Friday, September 11, 2009

911, reflecltion and going on

I never thought I'd be a blogger. Not sure what my judgment has been about it, but I obviously had one or I wouldn't have put myself outside of that possibility. Perhaps I'll ponder it next time. This time I'd like to discuss my meanderings of today: my mom, Betty Farmer, She died in 911. She was on the 105th floor, tower 1.

Today, since 2001, puts me in a rather reflective mood and has a lot of people who care for me making contact, even if I haven't heard from them since last year this time, I do and it's good. Thank you all for that. You remind me the value of the journey.

I've been going through a lot of change this year. Thank God, I believe that we come to what we come to for growth and inspiration, for the opportunity to be more than we were yesterday, for the chance to be now, and be happy.
Otherwise how could I really look at loosing everything but my roof, and that's in question, as anything other than ****** hell? As I say, it's been a big year. As it has been for many.

But, back to me. Today is a day that I get to review. It's become my personal 'New Years Day'; reflection, laughter, loss, regret and wonder. Then I can wash my slate, knowing Betty has my back and go on.
Well, she has my back as well as she ever did; lots of love and support as long it's fun - but that's my girl! And I loved and love her for all that she is, not just the stuff her kid needed.

It's funny how when you've finally accepted that someone you love is gone, you realize they're not near as gone as you thought. Though vague, they're more with you; with you all the time. They become part of your fabric. No longer someone you anticipate sharing a moment here or there with, they remain with you, always by your side, in your skin, of your being.

One can't help but know that death is not was here, now gone. It's more was visible to the critical eye and now palpable to enduring spirit.

My team is growing. I lost a very, very dear friend this year. He was the man who accompanied me to NY after 'the big event'. He was a firefighter - for over 25 years. He's been in my life for over ten years and we've traveled the world together. I was fortunate to have his family allow me to organize his services. In his honor, they were a bit unorthodox and I know he greatly approved. He sits on my mantle... and in the sea, scattered by bottle rockets on the 4th this year, soon to be flung from a helicopter ride over Saint Simons, at the base is favorite headstone on the north end, on the burial mounds in the village, in a locket Kim wears, up the flue at Murphy's (oops, don't tell), in a treasure box I made for Priester, hell he's everywhere and every time I travel, I take a little bit of him me to spread around! He loved to travel and there are still a few places he hasn't been. I'm gonna help him finish his jouney. Besides, it kind of exciting, bring a baggy of ashes with you through security waiting to see if you're gonna get called on it and wondering what in the heck you're gonna say.

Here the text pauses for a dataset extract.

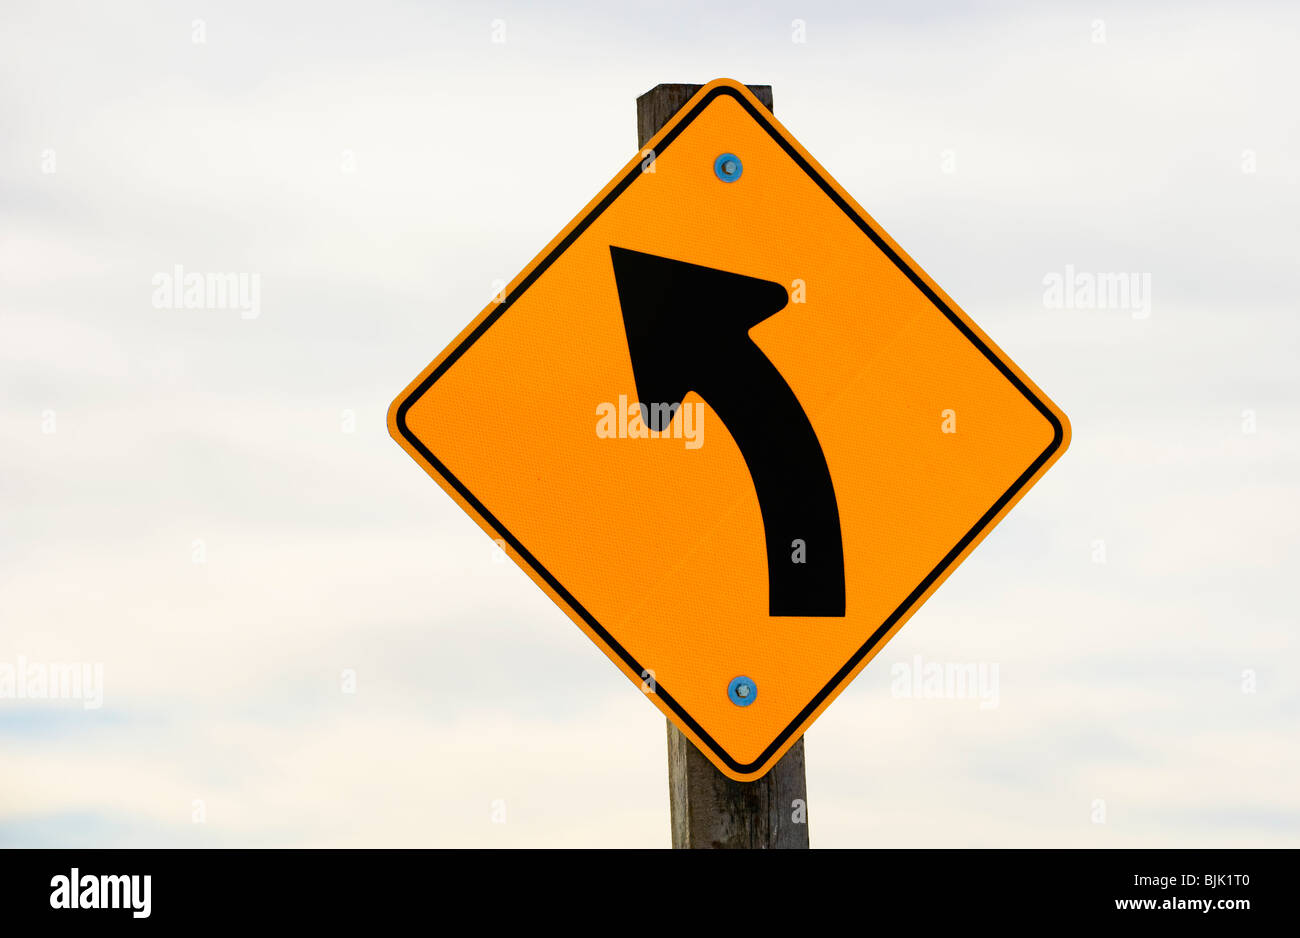 A highway sign warning of an approaching curve. Stock Photo

The funeral home said in the 27 years they've been doing this, they'd never before had someone not fit in the box. I explained they'd never had the honor of putting to rest the remains of such a living, loving man. It was simply his heart that couldn't be reduced to nothing but ashes.

On the other hand, it took about two years for them to find anything of Betty and I never thought it would happen. Though larger than life in spirit and will, she was a slim 115# and that was a lot of building. Now I'm a believer ya'll but I'm not formal and I don't attend a church so when a local pastor called and asked if he could make a visit, I assumed it was in regards to one of my tenants.
Note: I own and run a property management company.
I figured I'd be getting some 'story' about their hard times and asked for some compassion in their plight.

Confusion would be my response when a priest and a local firefighter showed up at my office. Their kind and gentle nature, their intention that I not be frightened or feel alone... WOW. I will never forget them. And thought it took me three months to get her out of hock (the funeral home bill was $1000,) she too sits here with me. I know Betty was cracking up over that one. It was appropriate.

I guess this is part of getting older. More people you love with you, not by you, so much more to value and more to miss. Funny to be so damn sad and grateful simultatiously.